The above excerpts are sufficient to justify the court in his finding that “the environment at the place of residence of the plaintiff is not in the best interest of these children” and his further finding that the best interest of the children will be served by making the order of custody set forth in the statement of facts.

His disposition of the matter is in accord with In Re Bowman, 264 N.C. 590, 142 S.E. 2d 349, where it is said: “In determining who shall have the custody of the child of a broken home — one of the gravest responsibilities cast upon a Superior Court judge — ‘the welfare of the child * * * is the polar star * *

After the court had considered the evidence and heard the argument of counsel he dictated the order complained of, and shortly afterwards the court was adjourned for the day, the order not having been typed and, of course, not signed. That night the plaintiff went to the home where John Edward Chriscoe was and took him to his (plaintiff’s) home, saying that he could keep the boy “until *557November when the matter was heard in Raleigh”. This matter was called to the attention of the judge the following morning and a discussion of possible contempt proceedings was held.

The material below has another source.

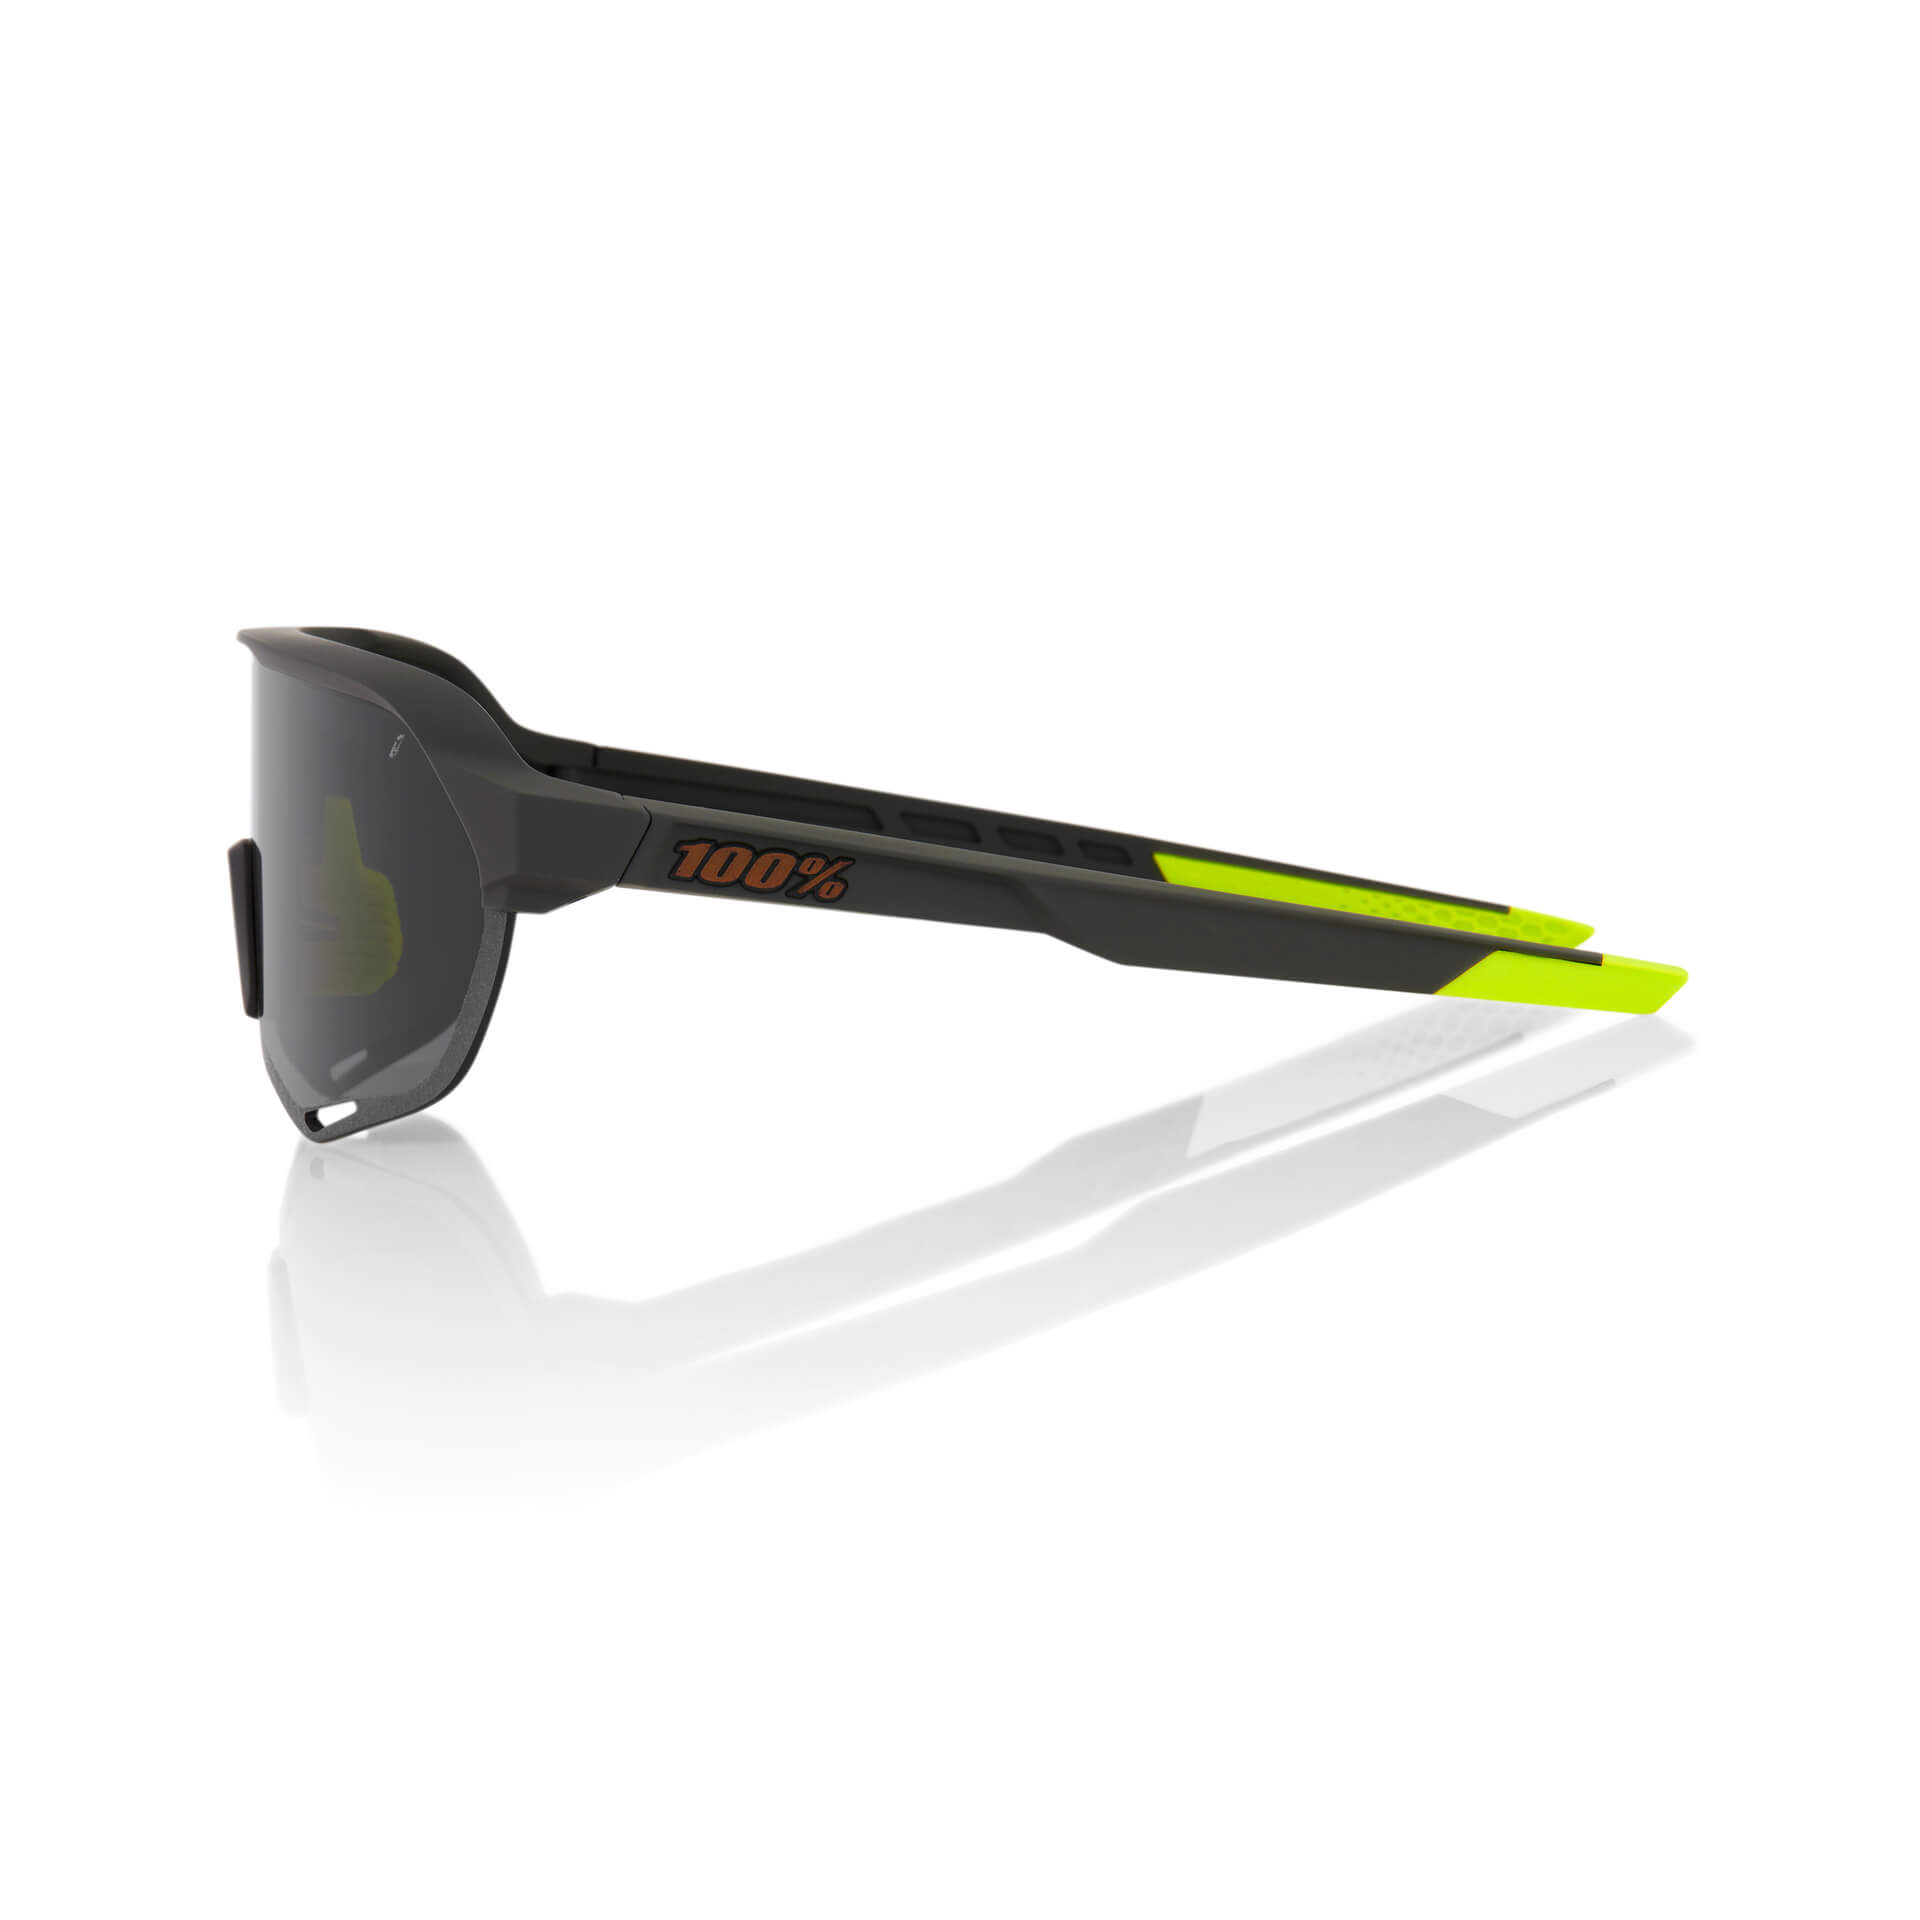 S2 – Soft Tact Cool Grey – Smoke Lens
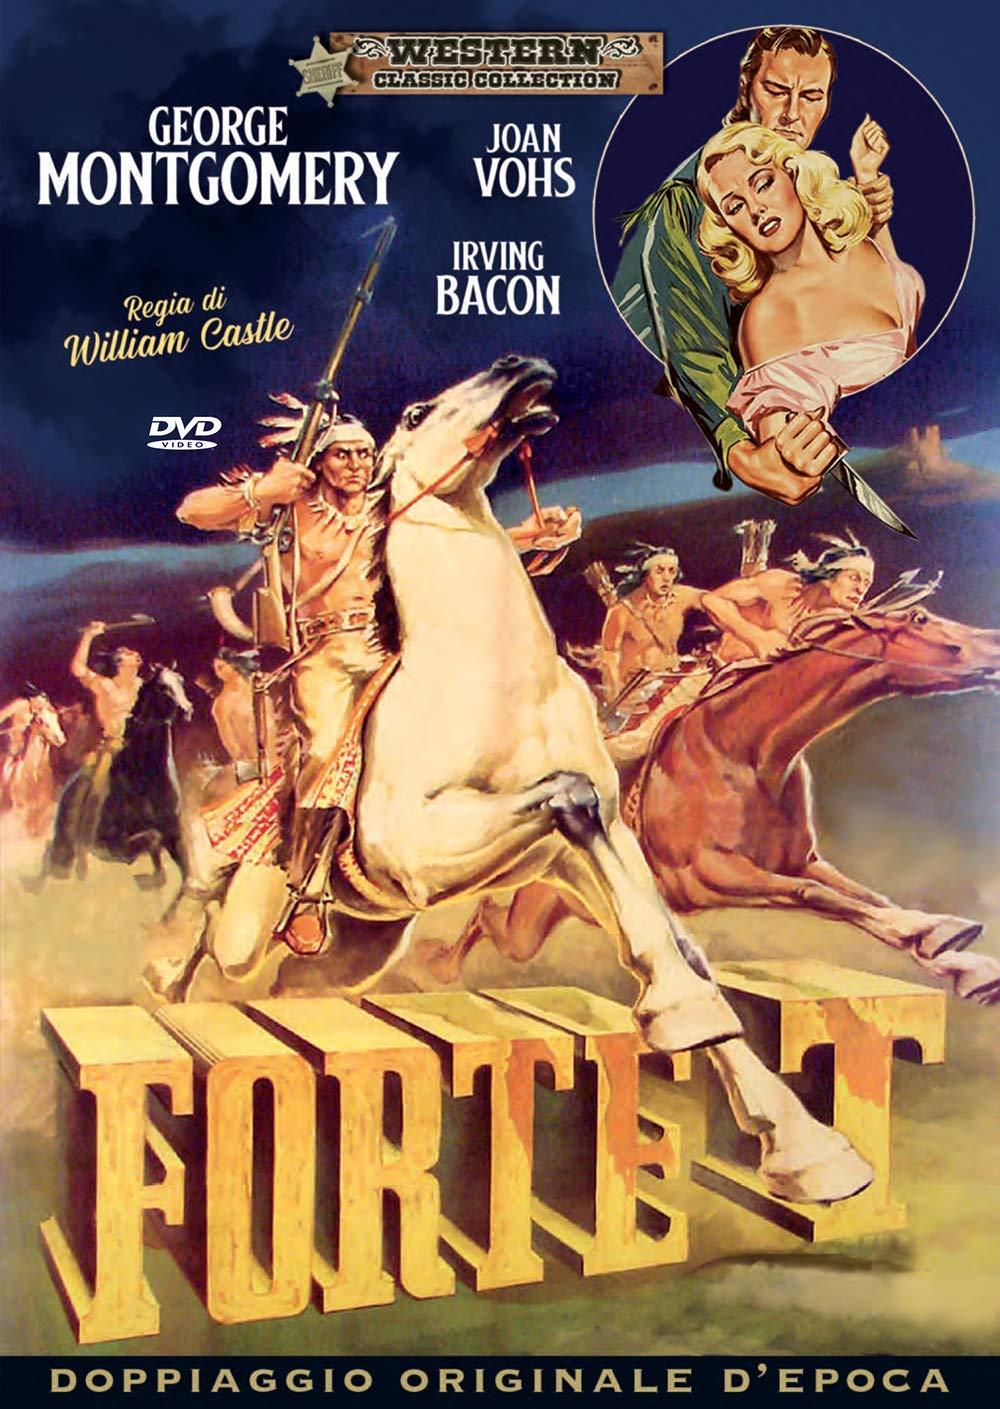 FORTE T (DVD)

The judge then dictated an order that pending the appeal to the Supreme Court the custody of the children was to be immediately vested with Mr. and Mrs. Beam and Mr. and Mrs. Hussey, to which the plaintiff excepted. In Joyner v. Joyner, 256 N.C. 588, 124 S.E. 2d 724, Higgins, J., speaking for the Court, said: “In a custody case the court acquires jurisdiction of the child as well as of the parent. The child thus becomes a ward of the court. The court’s duty to its ward should not be held in abeyance pending review.” Inasmuch as the dictated order of the judge had not been signed and the matter remained in fieri during the term of the court, he was authorized to add to the order the following morning when he decreed that the children should remain with the persons to whom they had been awarded pending the appeal. “The general power of the court over its own judgments, orders, and decrees in both civil and criminal cases, during the existence of the term at which they are first made is undeniable. * * * Until the expiration of the term the orders and judgments of the court are in fieri, and the judge has power, in his discretion, to make such changes and modifications in them as he may deem wise and appropriate for the administration of justice.” S. v. Godwin, 210 N.C. 447, 187 S.E. 560. While the action of the plaintiff in taking the child caused discussion of possible proceedings in contempt, no formal finding to that effect was made and no penalty imposed, and the matter is now moot.

The plaintiff also excepts to the order of the court in which he was taxed with one-third of the costs of the proceeding, the remainder being taxed against Mr. and Mrs. Beam and Mr. and Mrs. Hussey. The latter took no exception to the order but the plaintiff says in his brief that the action of the court “is puzzling * * * it should have been all or nothing.” G.S. 6-20 provides that: “In other action costs may be allowed in the discretion of the court unless otherwise provided by law.” This statute has been construed as meaning that the taxing of the costs in cases of this type is in the discretion of the trial judge, which discretion is not reviewable. The plaintiff should not complain because he is taxed with only one-third of the costs when it could have been the entire amount, and his exception is not well taken.